Nigeria’s overreliance on oil revenue is a well-worn narrative, but diversification, its elixir, remains elusive. The 2025 Budget’s emphasis on agricultural revitalisation and manufacturing growth is a step in the right direction. However, it requires more than rhetoric. It demands infrastructure development, access to modern technologies, and policies that empower local producers. By reducing dependency on imports and creating jobs, these efforts can lay the foundation for a more resilient economy.

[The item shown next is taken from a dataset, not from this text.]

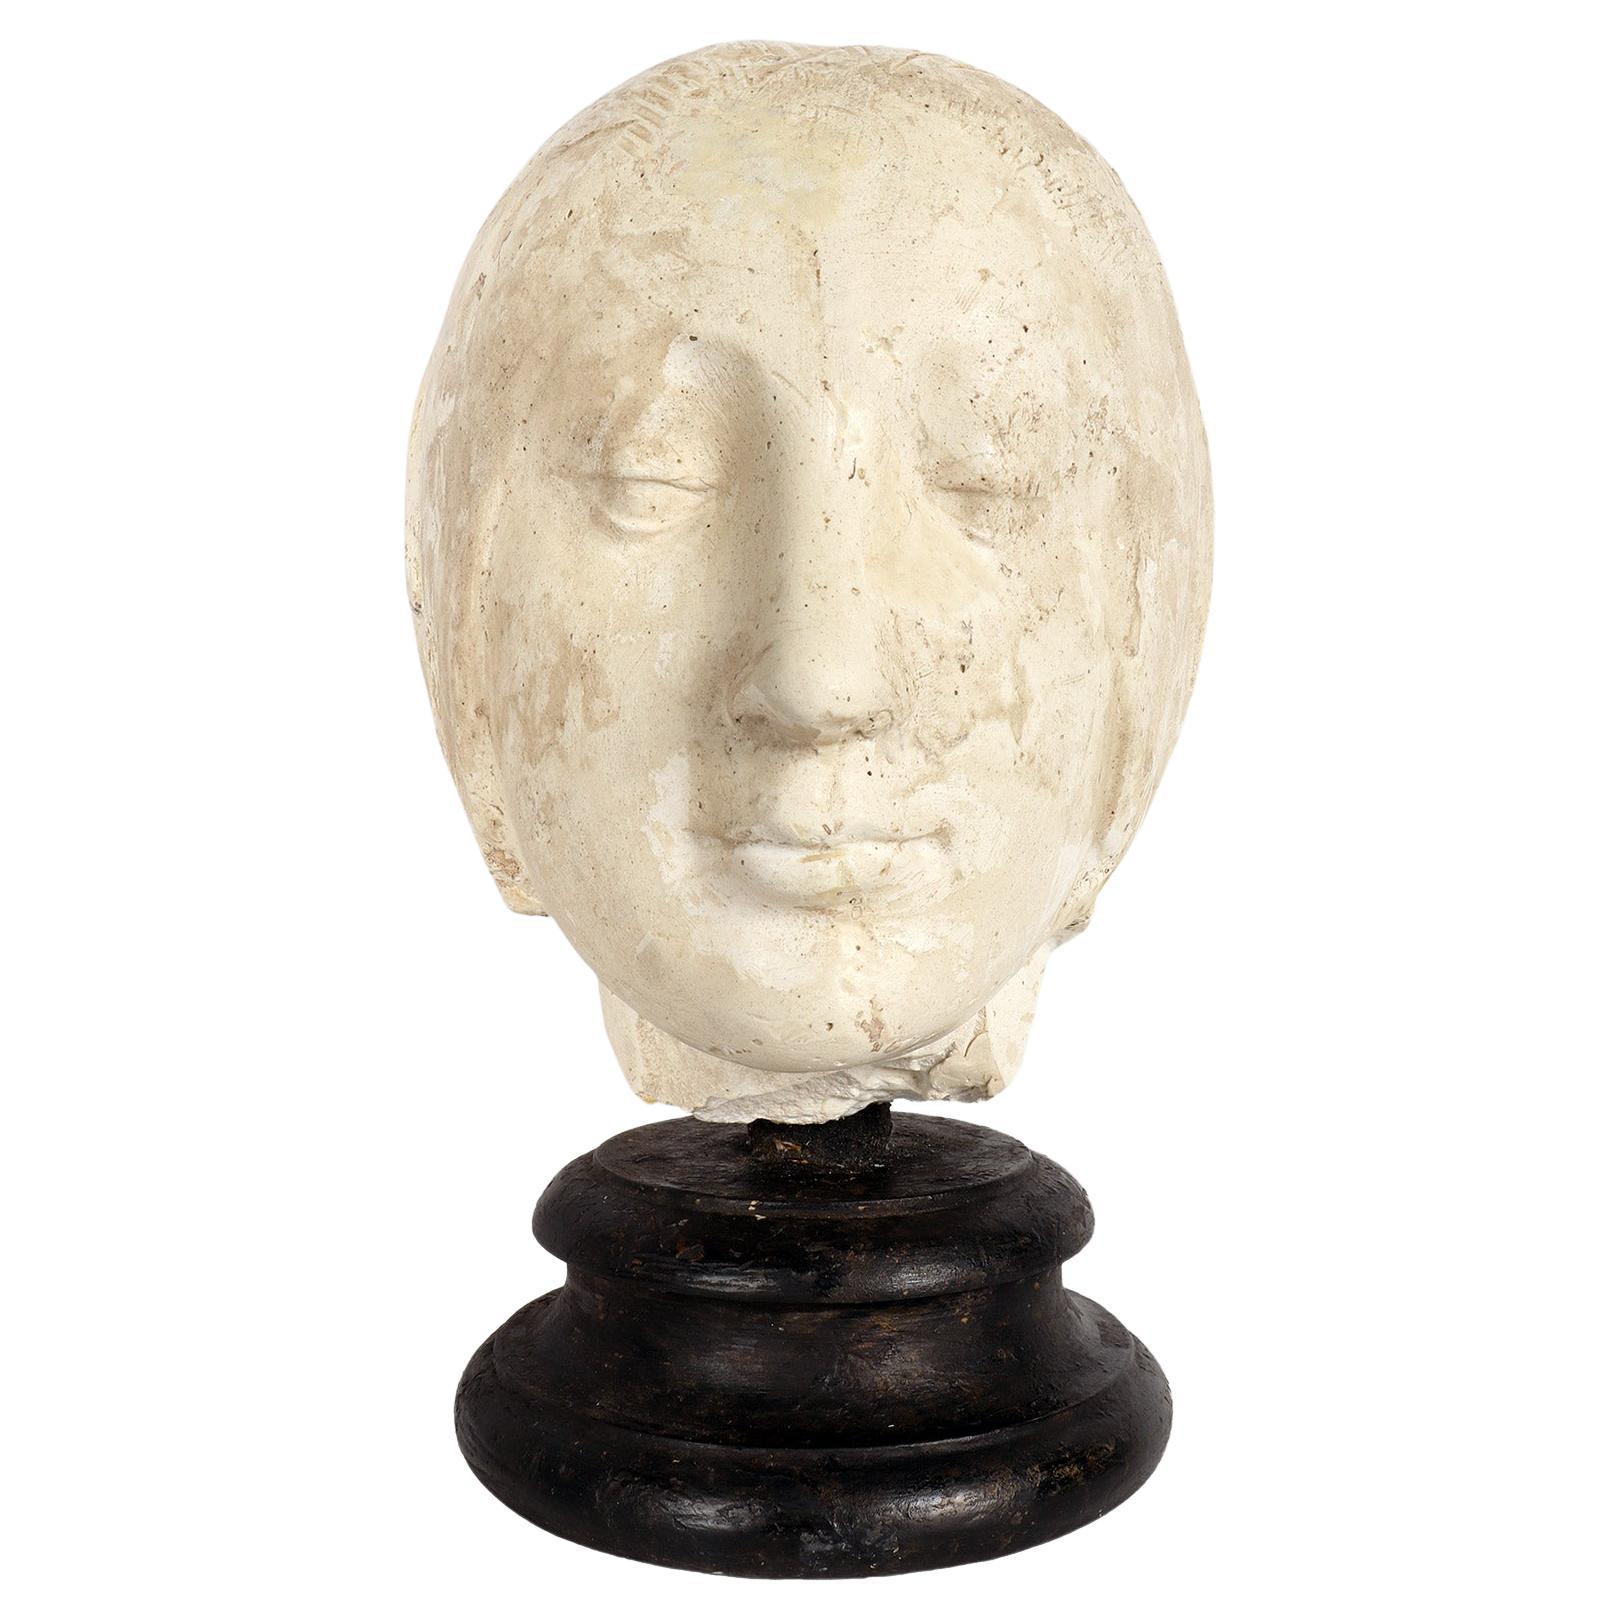 An academic cast depicting Eleonora D’Aragona head, Italy 1890. For Sale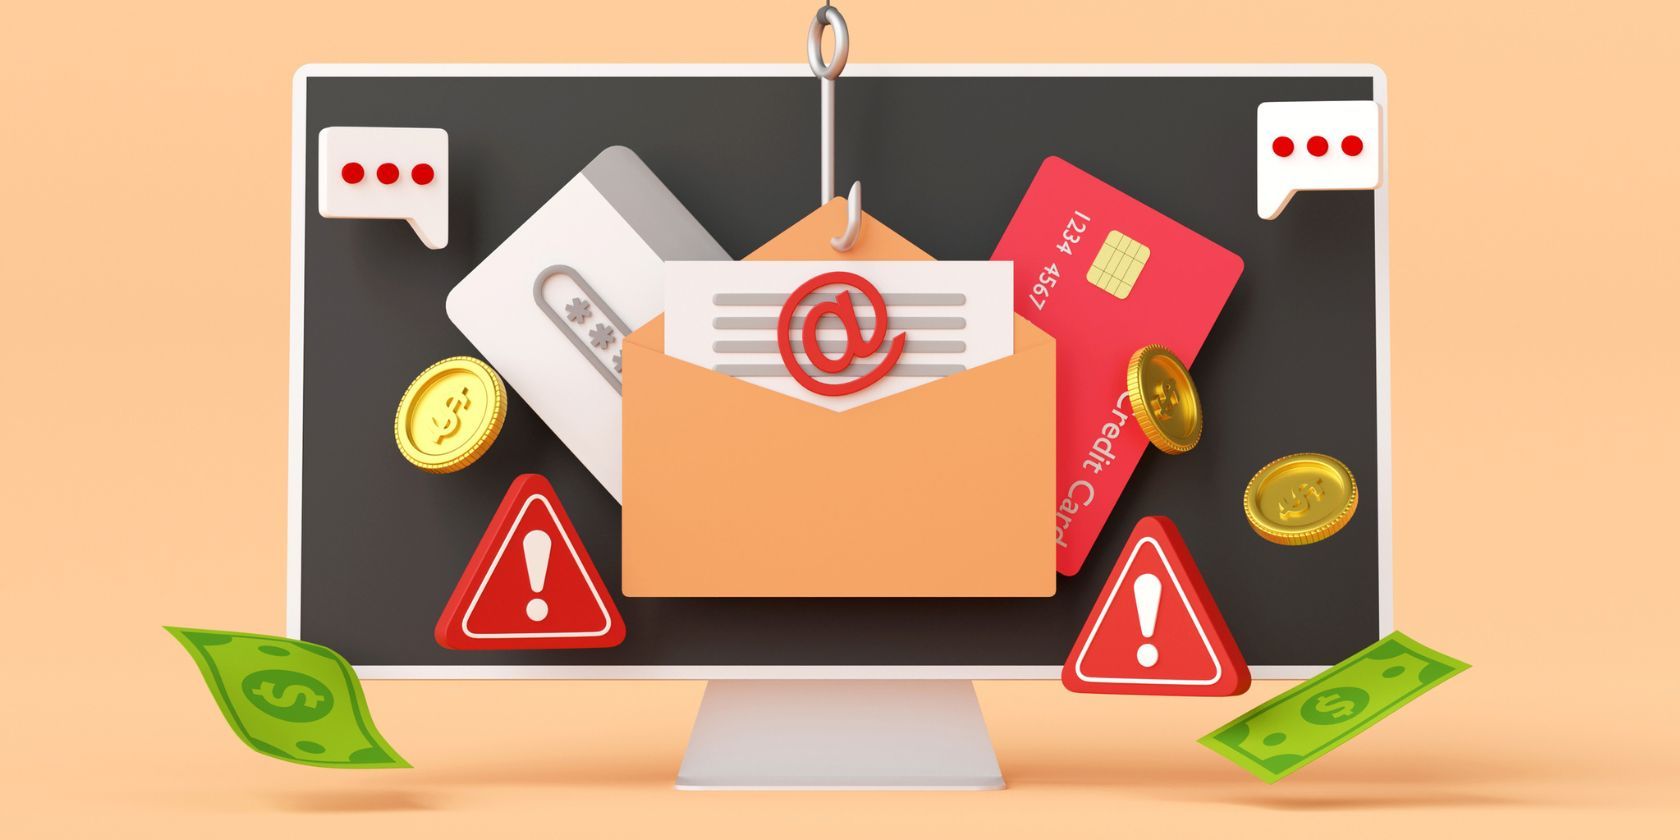 digital graphic of phishing hook, dollars, and alert icons surrounding computer screen

Trust is the currency of governance, and transparency is its guarantor. Citizens, as stakeholders, must have avenues to monitor and engage with budgetary processes. This participatory approach builds trust and ensures that projects meet people’s needs. The government’s commitment to leveraging technology for financial management reforms is commendable, but it must be backed by consistent implementation and independent oversight.

The world beyond Nigeria’s borders adds another layer of complexity. Rising geopolitical tensions, fluctuating commodity prices, and the lingering effects of the COVID-19 pandemic cast long shadows over national ambitions. Navigating these external pressures requires adaptive strategies and cohesive leadership, which will be tested as the Tinubu administration progresses.

Amid these challenges, the resilience of the Nigerian people inspires hope. Time and again, they have shown an ability to thrive against all odds. It is this spirit that the Tinubu administration must harness and amplify but never underrate or treat with disdain. By empowering citizens through education, entrepreneurial support, and social safety nets, the government can transform these budgets from theoretical frameworks into engines of collective progress.

Accordingly, for the Tinubu administration, the path ahead demands courage, collaboration, and untiring devotion to the principles of good governance. Only by addressing the systemic issues that underlie Nigeria’s economic struggles can the promises of ‘Renewed Hope’ and ‘Restoration’ materialise.